» What is expected
An exact copy of the records below is required, and it must contain no pictures.
*** Records to use ***
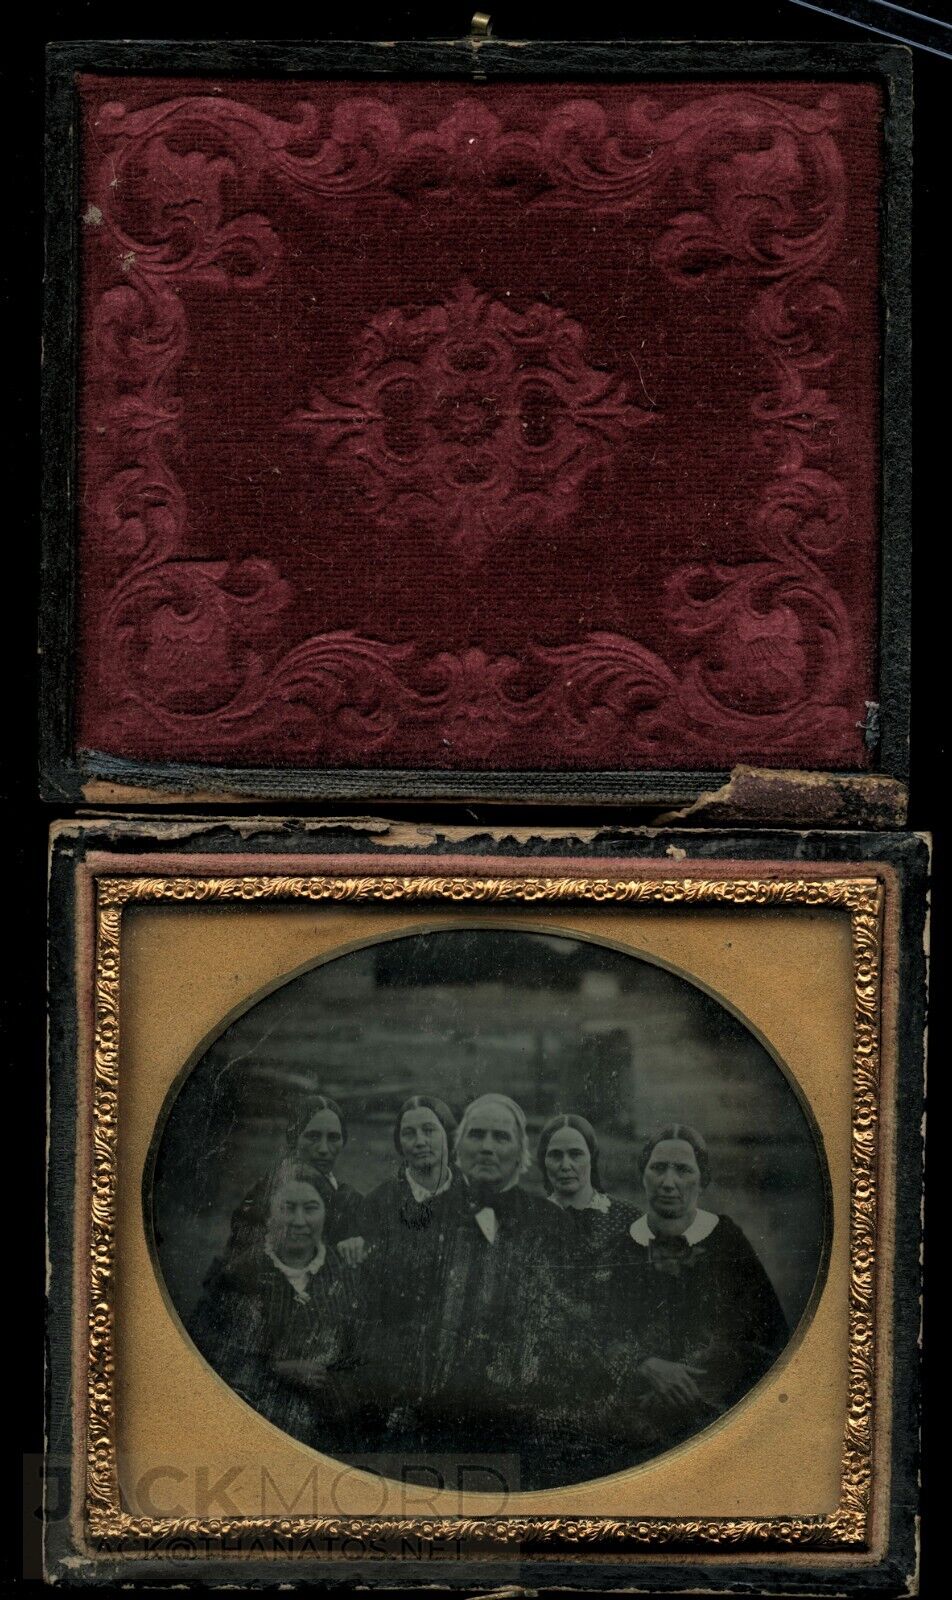 1850S AMBROTYPE PHOTO 1/6 OUTDOOR MORMON PLURAL MARRIAGE?
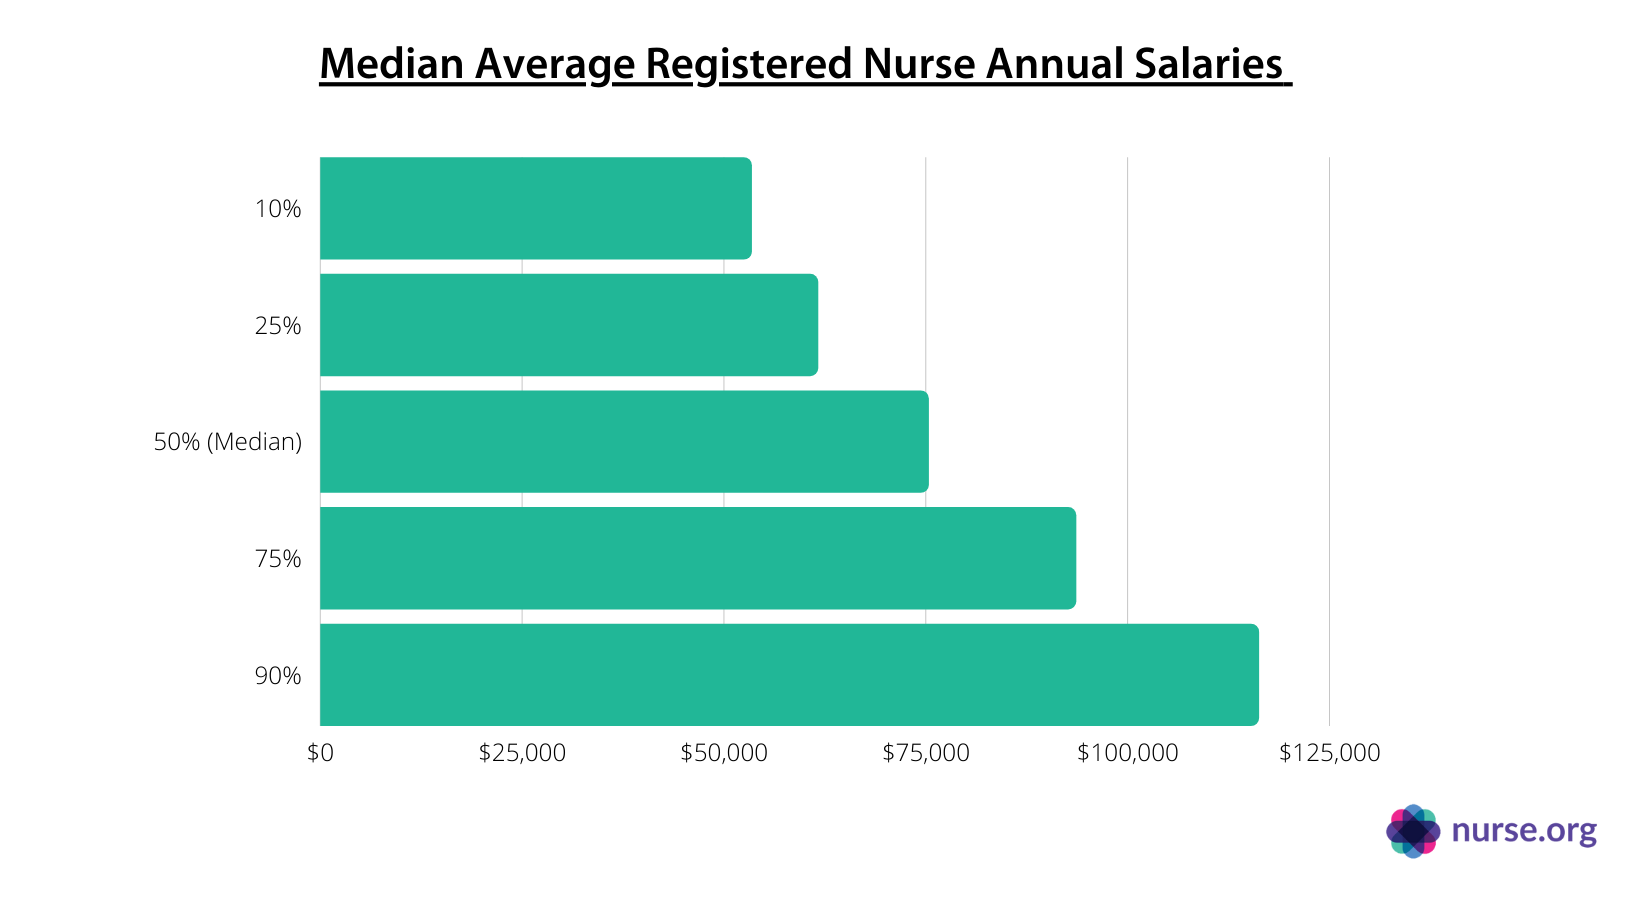 Average registered nurse salary by percentile
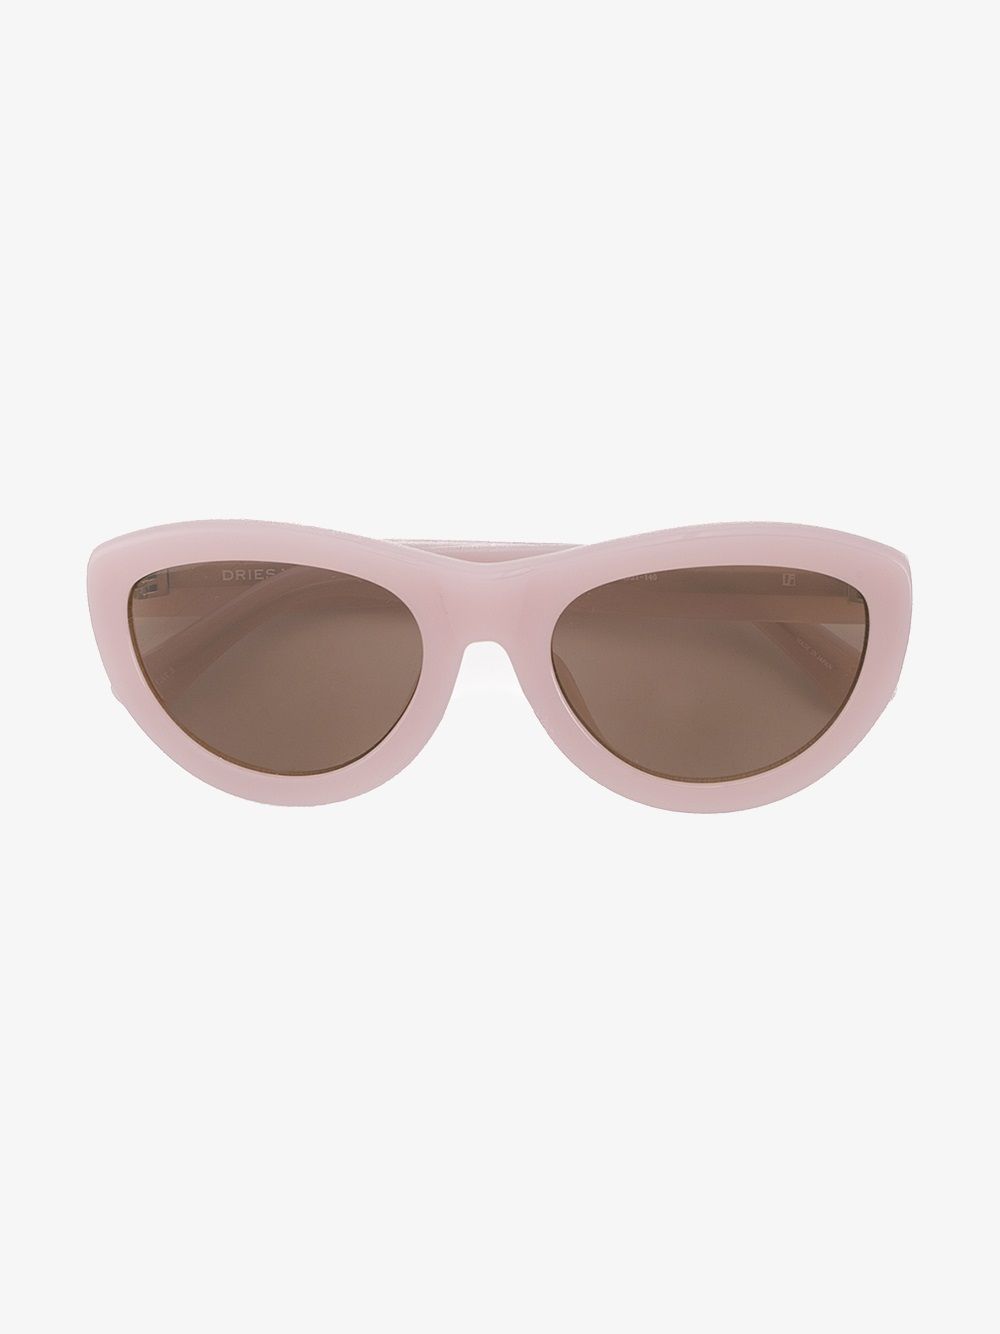 Linda Farrow Dries Van Noten Pink Sunglasses | Browns Fashion
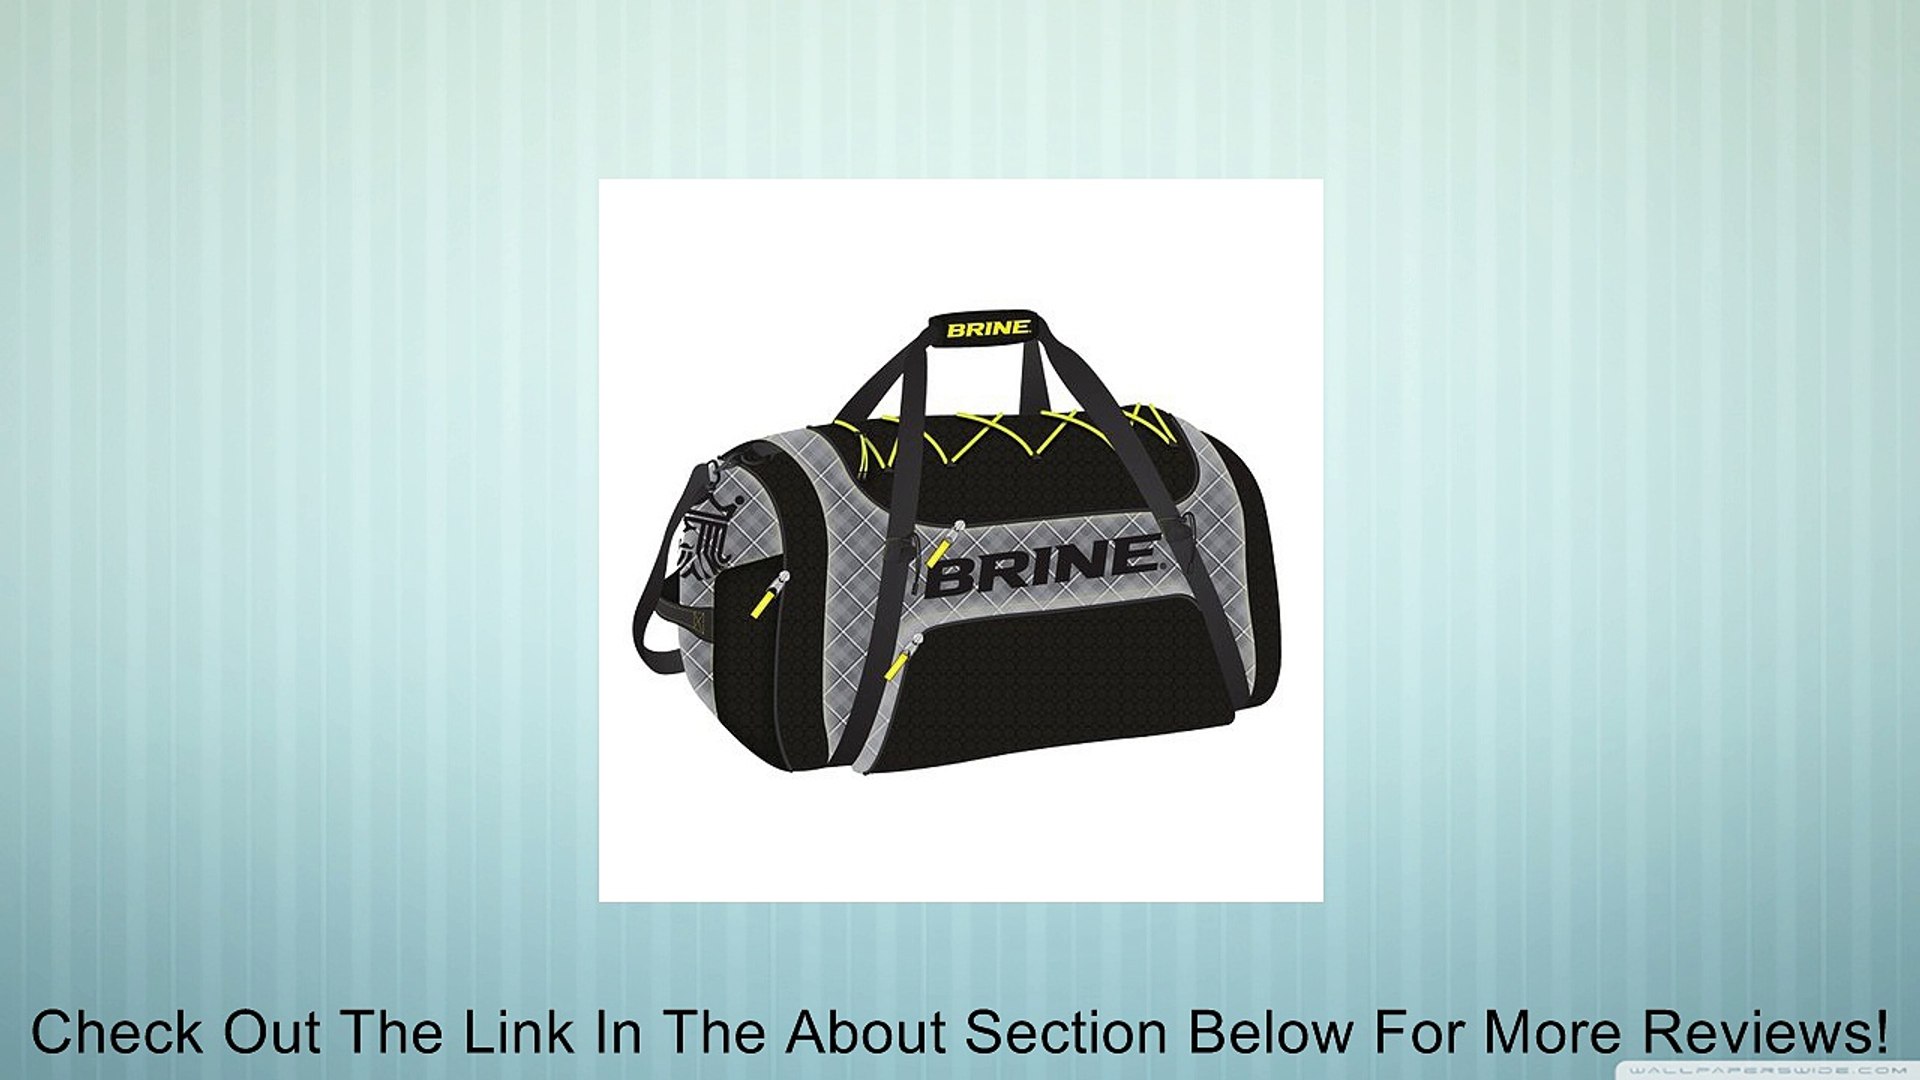 Black Brine Expedition Equipment Bag
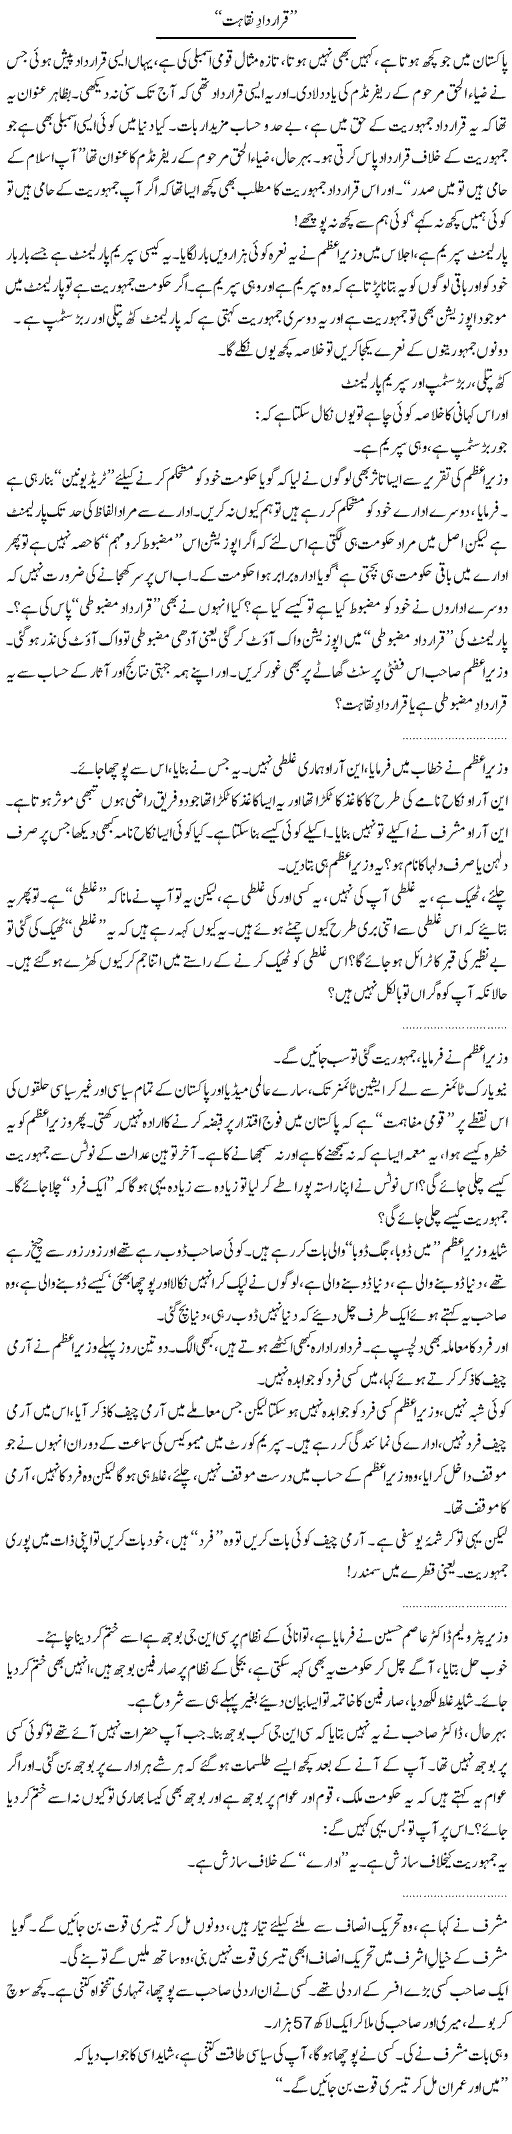 PM Gilani Express Column Abdullah Tariq 18 January 2012
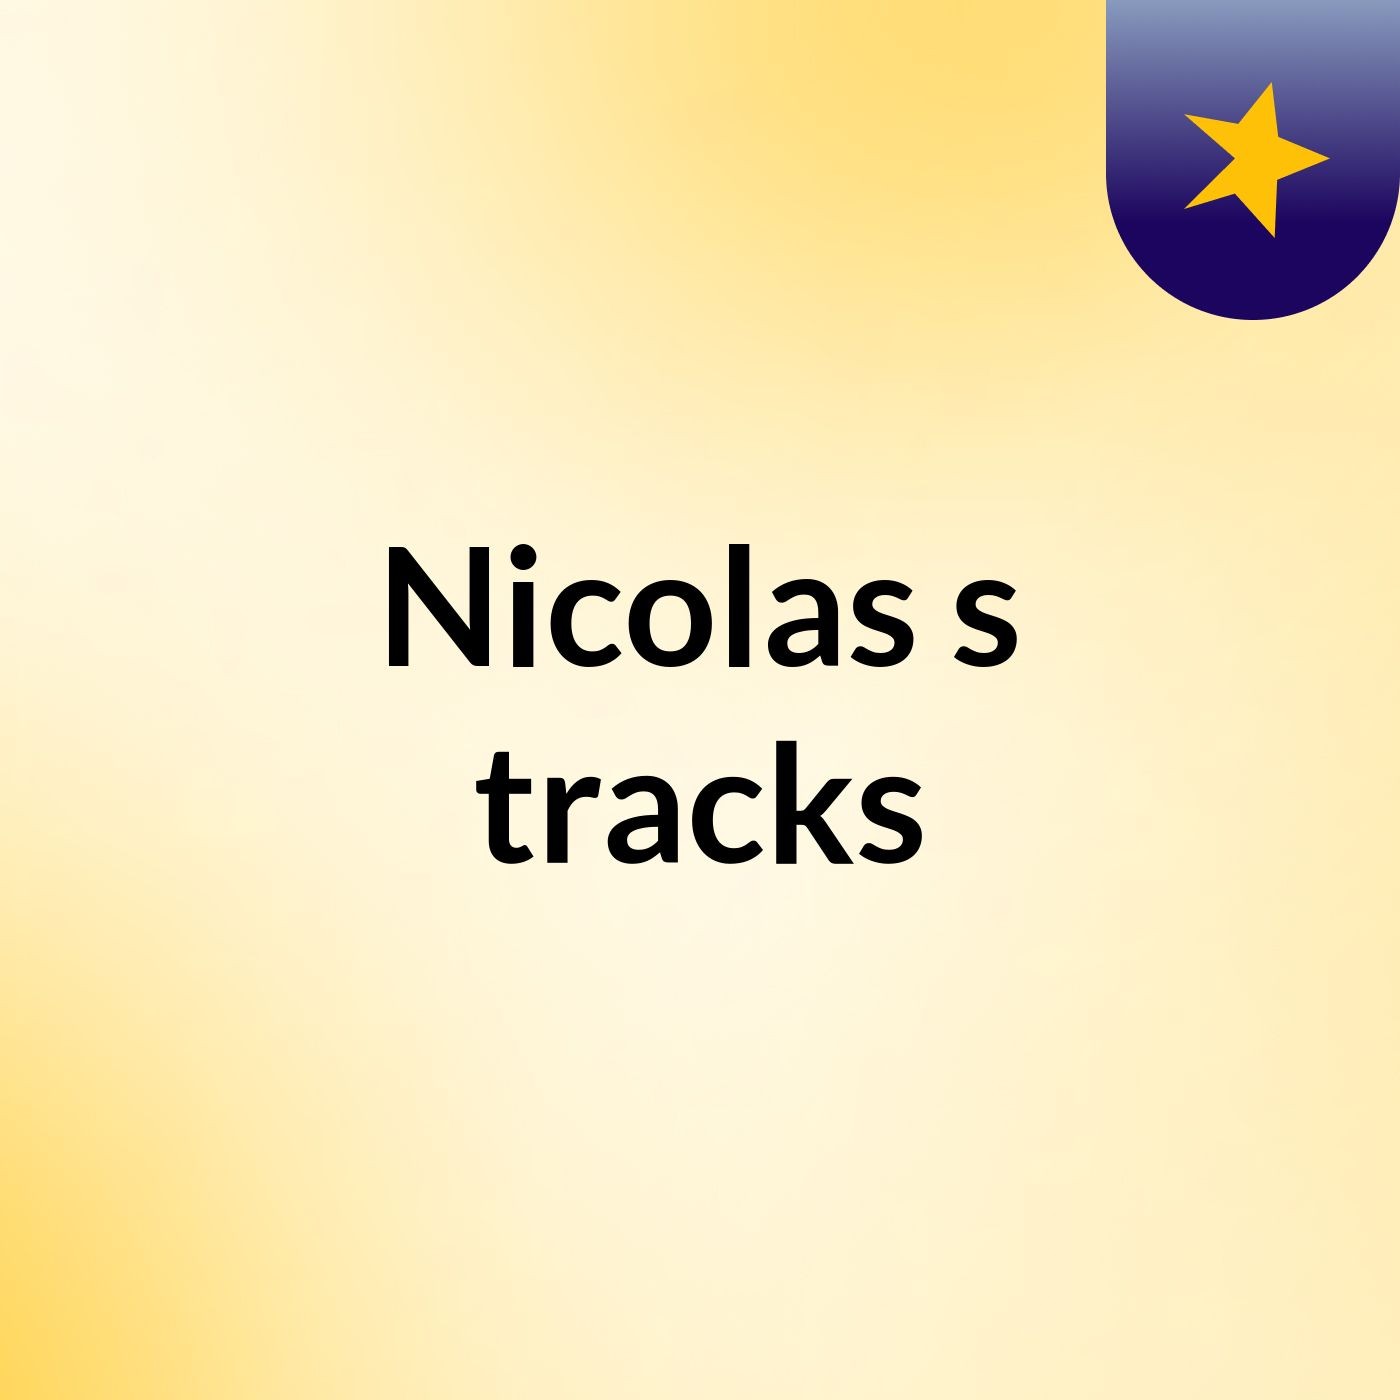 Nicolas's tracks
*** End of Records to use ***
» The completed task
 1850S AMBROTYPE PHOTO 1/6 OUTDOOR MORMON PLURAL MARRIAGE?
 Average registered nurse salary by percentile
 Linda Farrow Dries Van Noten Pink Sunglasses | Browns Fashion
 Black Brine Expedition Equipment Bag
 PM Gilani Express Column Abdullah Tariq 18 January 2012
 Nicolas's tracks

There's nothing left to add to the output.